:: Action item ::
Return only the lines below starting at the line containing "Batería nokia e90/e61i bp-4l para nokia" and ending at the line containing "蓝湖温泉是冰岛最著名的旅游景点之一", both included, exactly as they are and with no pictures.

:: Information ::

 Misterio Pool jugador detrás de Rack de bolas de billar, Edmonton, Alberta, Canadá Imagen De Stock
---
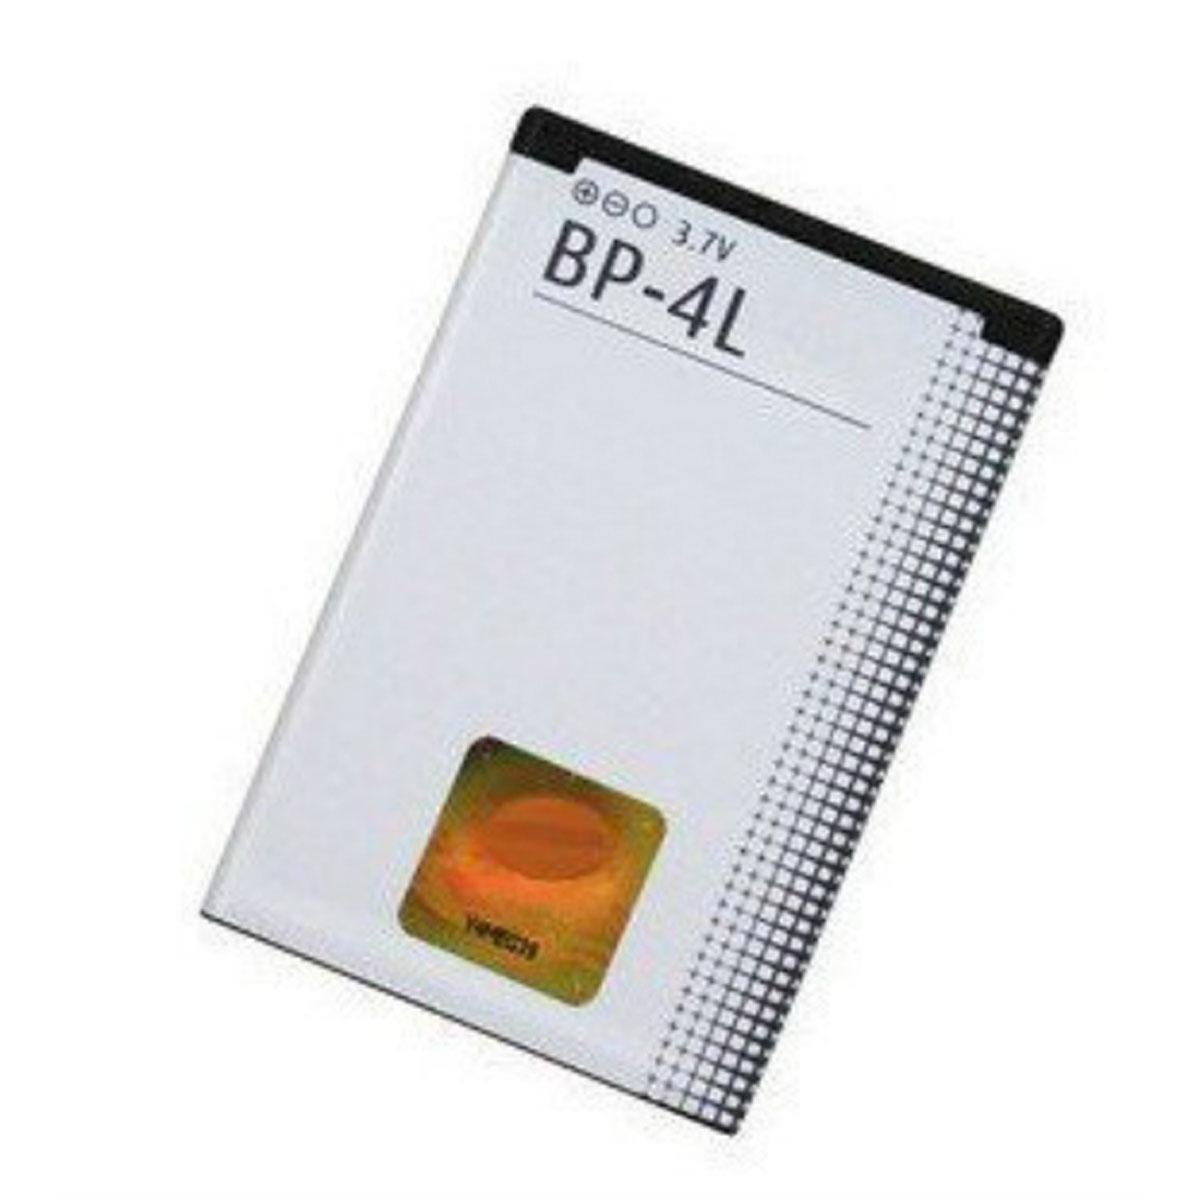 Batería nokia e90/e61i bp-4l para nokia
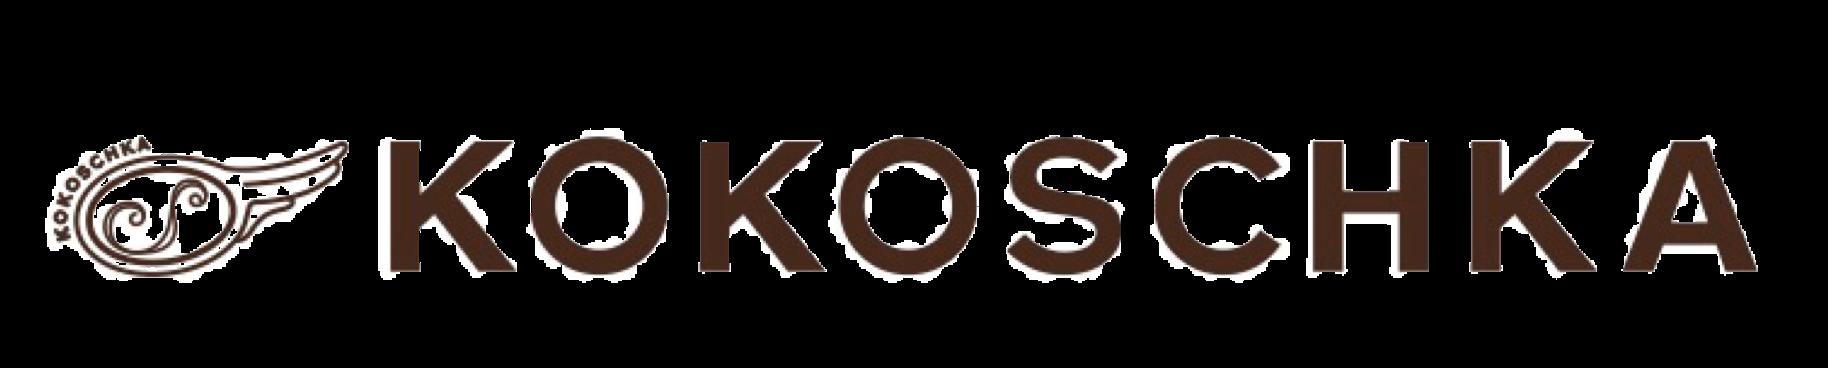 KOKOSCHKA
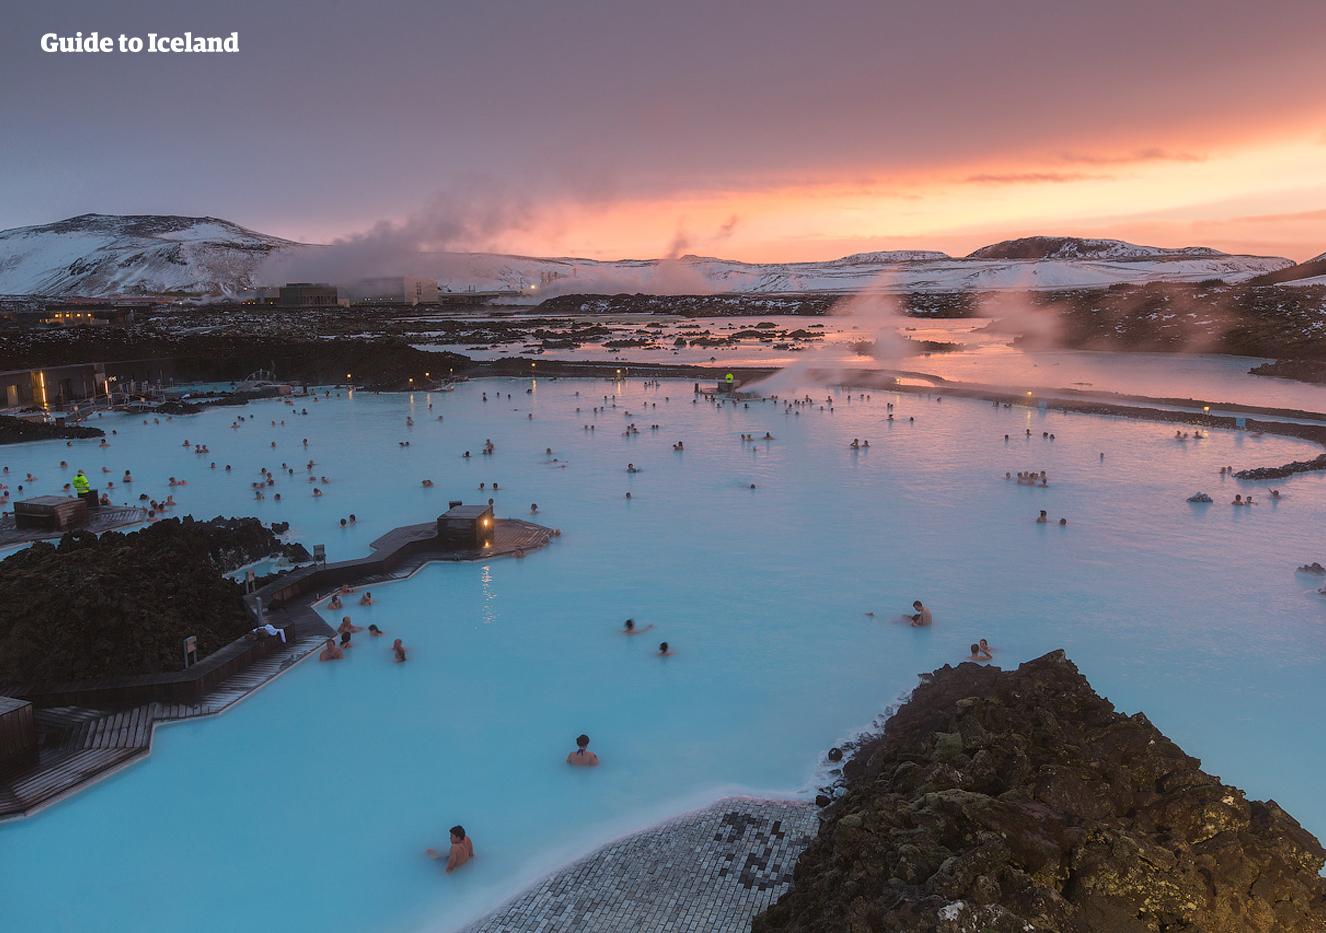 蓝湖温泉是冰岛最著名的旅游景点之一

:: Task answer ::
 Batería nokia e90/e61i bp-4l para nokia
 KOKOSCHKA
 蓝湖温泉是冰岛最著名的旅游景点之一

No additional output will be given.